今日は、部活動の地域移行について書きたい。
部活動の地域移行には以下のような背景がある。
・部活動は、教員が無償で指導・運営していた。
土日も部活動があるなど、教員の負担になっていた。
教員の採用が難しくなり働き方を見直す機運が高まった。
・少子化で部員数が減ってきた。
特にチームスポーツでは、練習に支障をきたすようになってきた。
原則学校別に試合に出場するため、試合に出られない学校も出てきた。
部員数の減で廃部が増えれば、生徒が好きな部活を選べなくなる。
これらの問題に対応するため、合同部活動が増えてきた。
複数の学校が一緒に部活動することにより、必要な部員数を確保できる。
さらに、文化庁・スポーツ庁の方針で、部活動を地域のクラブや団体に移す「地域移行」が始まった。

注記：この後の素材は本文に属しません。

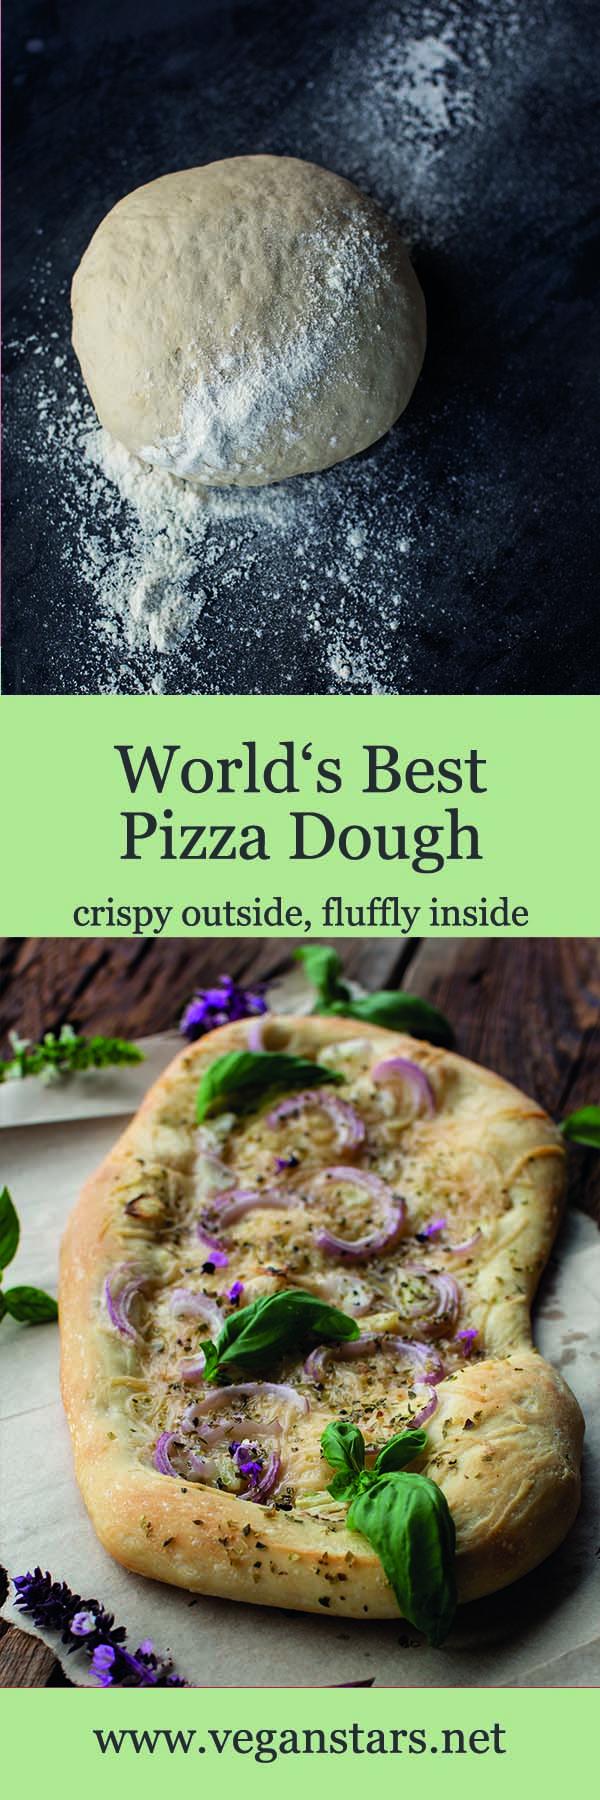 World's Best Pizza Dough

2023年度から3年間は、中学校の休日の運動部活動を地域に移していく。
例えば、地域のスポーツクラブや団体、民間のスポーツジムが運営する。
その結果をふまえて、地域移行の拡大を検討する予定。
地域移行のメリットは、
・生徒は、プロの指導員の指導を受ける機会が増える。
・学校にはない多様な部活動に参加できる可能性がある。
・教員は、部活動の運営の手間が減る。
といったところ。
なので、教員も保護者も概ね地域移行に賛成している。
それに対し、デメリットは、
・地方では、多様な部活動の受け皿がないおそれ。
・学校以外の施設で部活動する場合は送迎が必要。
・施設使用料や指導料が発生するおそれ。
・教員の手間は、大会の運営などでさほど減らないかも。
といった点が挙げられている。
送迎の手間がかかるとか、費用負担が発生するなら、恵まれた人しか部活をできなくなるおそれがある。
特に、田舎では相当なお金と時間がかかるおそれがある。
費用負担を回避するには、税金を使うしかないだろう。
教員がタダ働きしていた部分を税金で民間移行するという感じか。
教員は、忙しいから部活から解放されたいと考えている人だけではない。
自分が得意な競技を教えたいという教師は、体育教師を中心に一定数いる。
海外を見れば、部活動を学校で実施している国は少ないらしい。
確かに、外国の映画ではあまり部活動が見られない。
日本を含む東アジア諸国では、学校で部活動している。
しかし、欧米諸国では、地域、または地域と学校の複合で実施しているらしい。
学校で部活動しているとしても、学校の施設を借りているだけで、運営は教師から切り離しているのかもしれない。
であれば、諸外国の実施状況を調査するとともに、日本の部活動の望ましいあり方もふまえて今後考えればいいだろう。
地域移行したら生徒の怪我が増えたとか、事件に巻き込まれたということだけはないよう、安全安心を第一に制度設計する必要がある。